问题

I'm writing an A.I. to solve a "Maze of Life" puzzle. Attempting to store states to a HashSet slows everything down. It's faster to run it without a set of explored states. I'm fairly confident my node (state storage) implements equals and hashCode well as tests show a HashSet doesn't add duplicate states. I may need to rework the hashCode function, but I believe what's slowing it down is the HashSet rehashing and resizing.

I've tried setting the initial capacity to a very large number, but it's still extremely slow:

 val initCapacity = java.lang.Math.pow(initialGrid.width*initialGrid.height,3).intValue()
 val frontier = new QuickQueue[Node](initCapacity)

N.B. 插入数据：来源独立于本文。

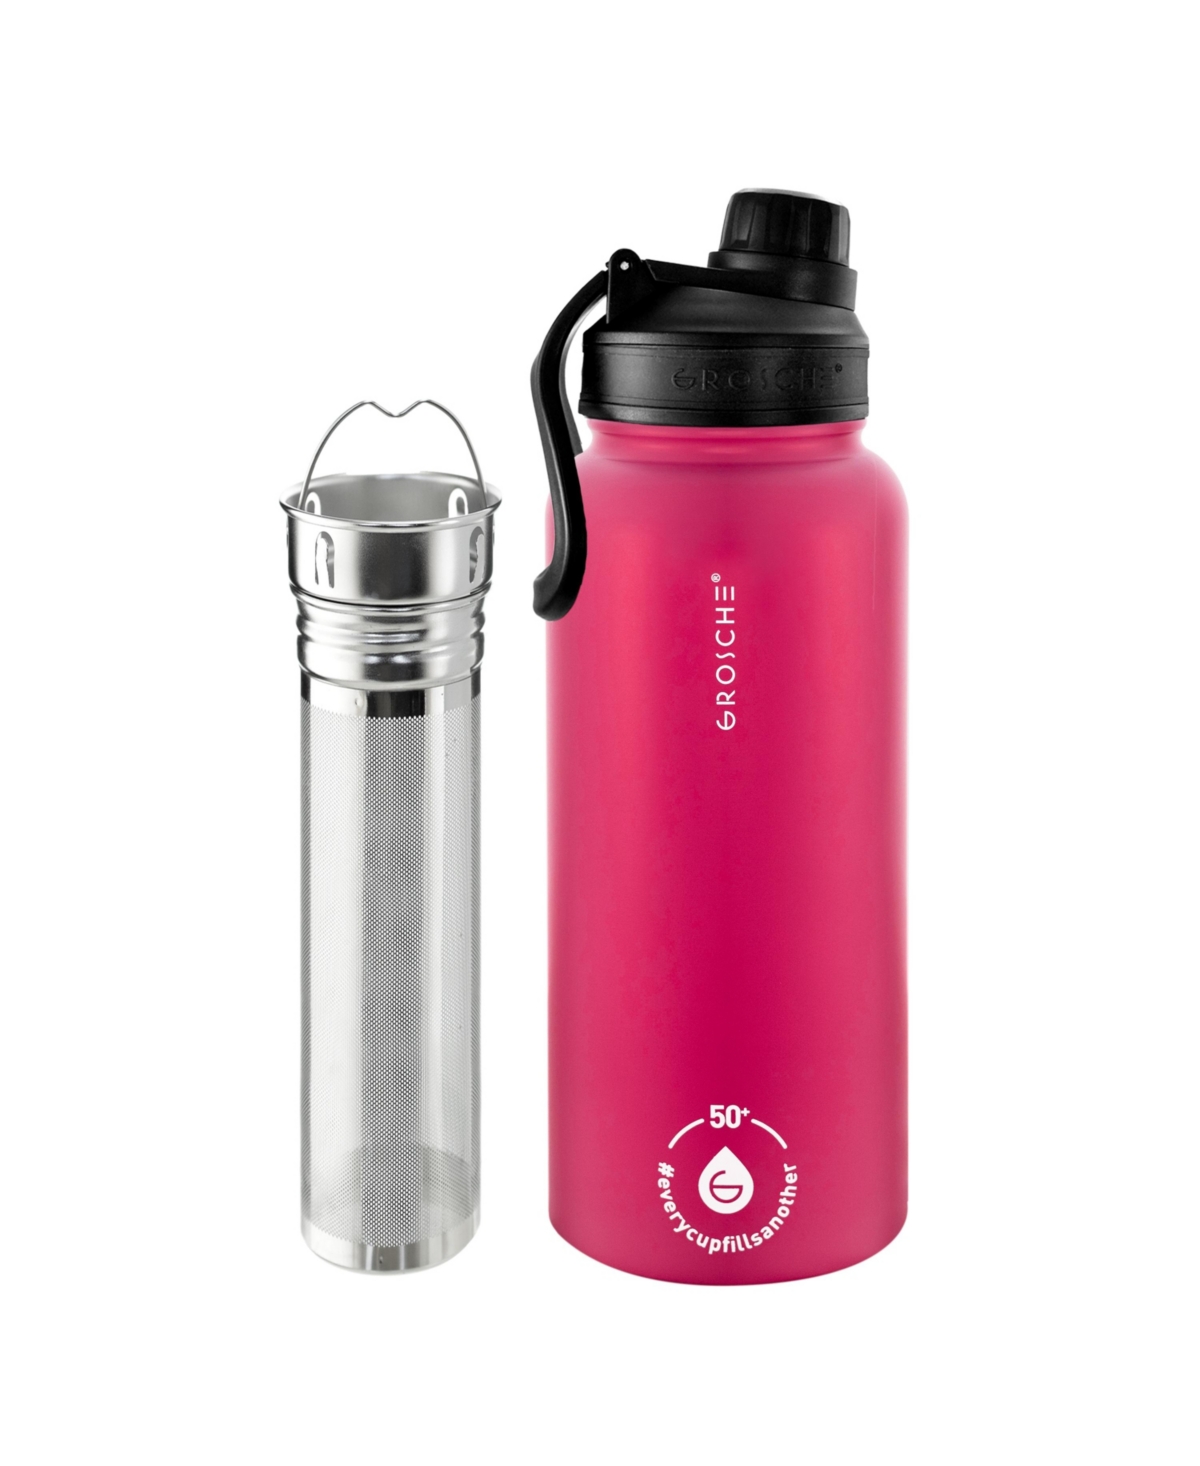 Grosche Chicago Steel Insulated Tea Infusion Flask, Tea And Coffee Tumbler, 32 Fluid oz In Fuchsia Pink

Here is the quick queue code:

class QuickQueue[T](capacity: Int) {

val hashSet = new HashSet[T](capacity)
val queue = new Queue[T]
    //methods below

For more info, here is the hash function. I store the grid values in bytes in two arrays and access it using tuples:

override def hashCode(): Int = {
  var sum = Math.pow(grid.goalCoords._1, grid.goalCoords._2).toInt
  for (y <- 0 until grid.height) {
     for (x <- 0 until grid.width) {
        sum += Math.pow(grid((x, y)).doubleValue(), x.toDouble).toInt
     }
     sum += Math.pow(sum, y).toInt
  }
  return sum
}

Any suggestions on how to setup a HashSet that wont slow things down? Maybe another suggestion of how to remember explored states?

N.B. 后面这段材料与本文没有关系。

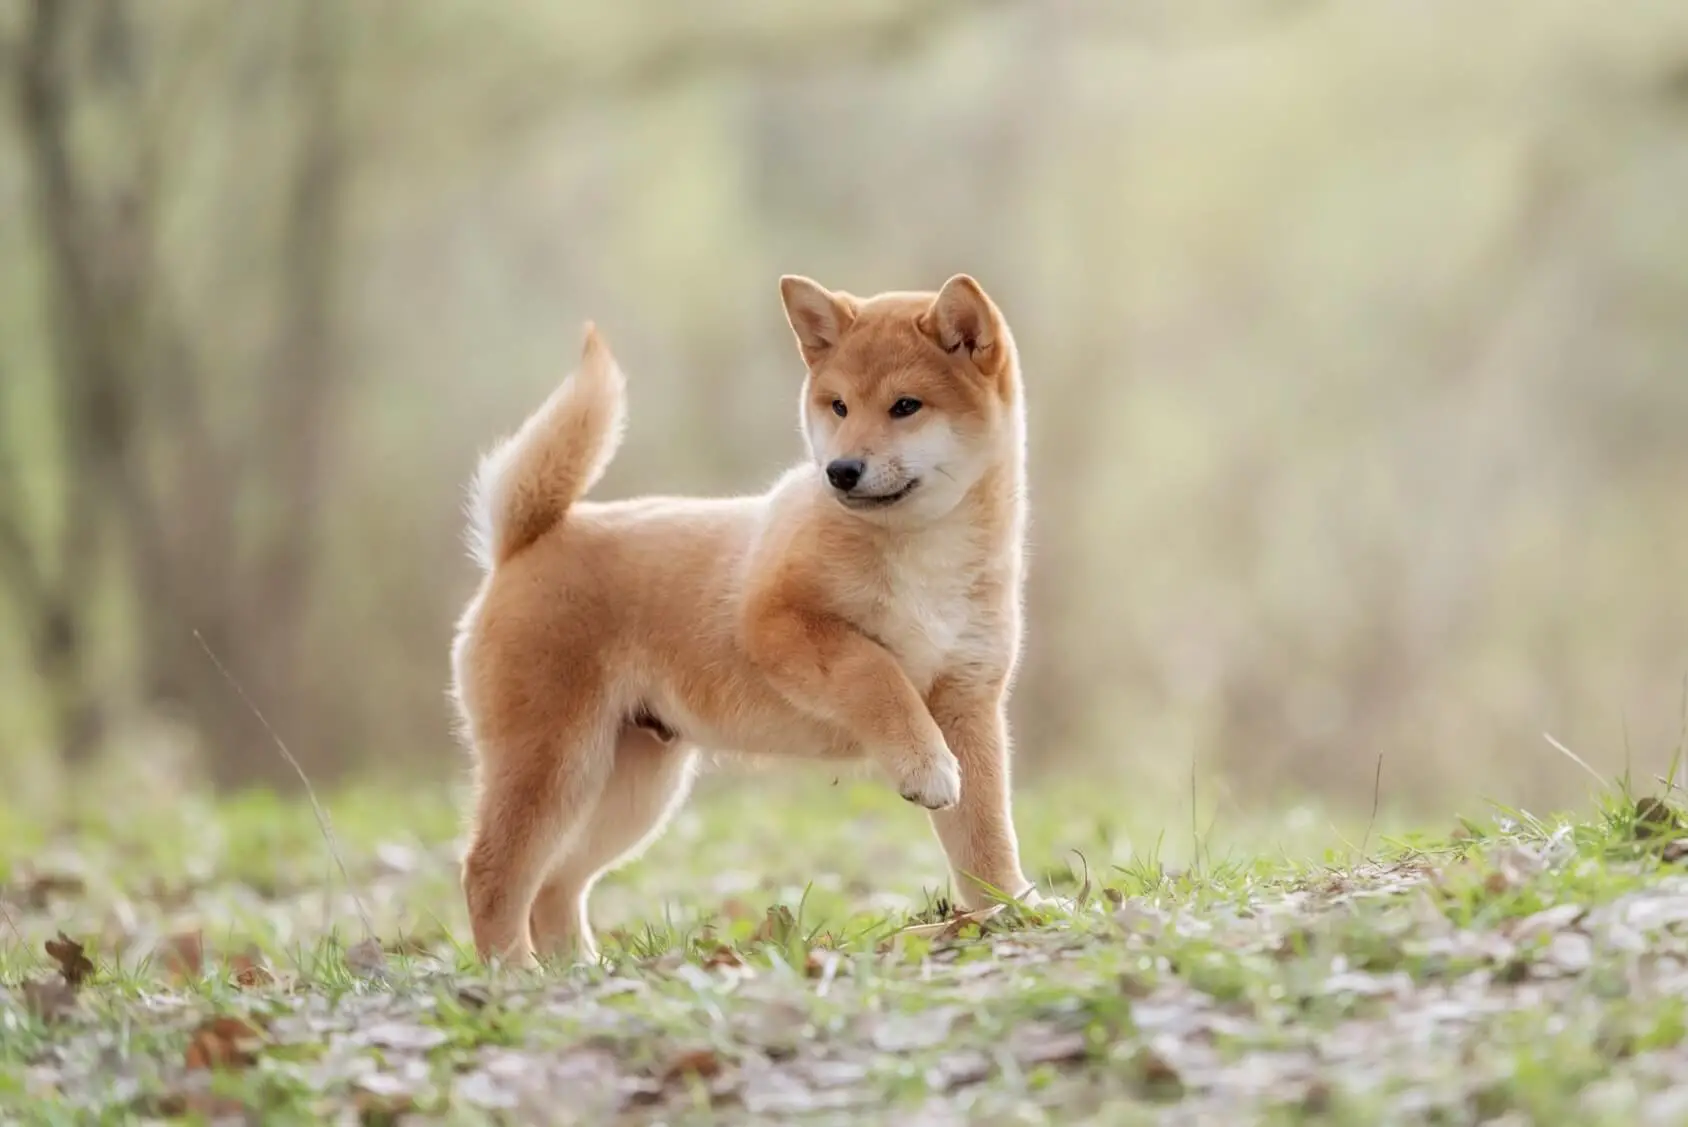 [11+] 5 Months Old Premium Shiba Inu Dog Puppy For Sale Or Adoption
Near Me

P.S. using java.util.HashSet, and even with initial capacity set, it takes 80 seconds vs < 7 seconds w/o the set

回答1:

Okay, for a start, please replace

override def hashCode(): Int =

with

override lazy val hashCode: Int =

so you don't calculate (grid.height*grid.width) floating point powers every time you need to access the hash code. That should speed things up by an enormous amount.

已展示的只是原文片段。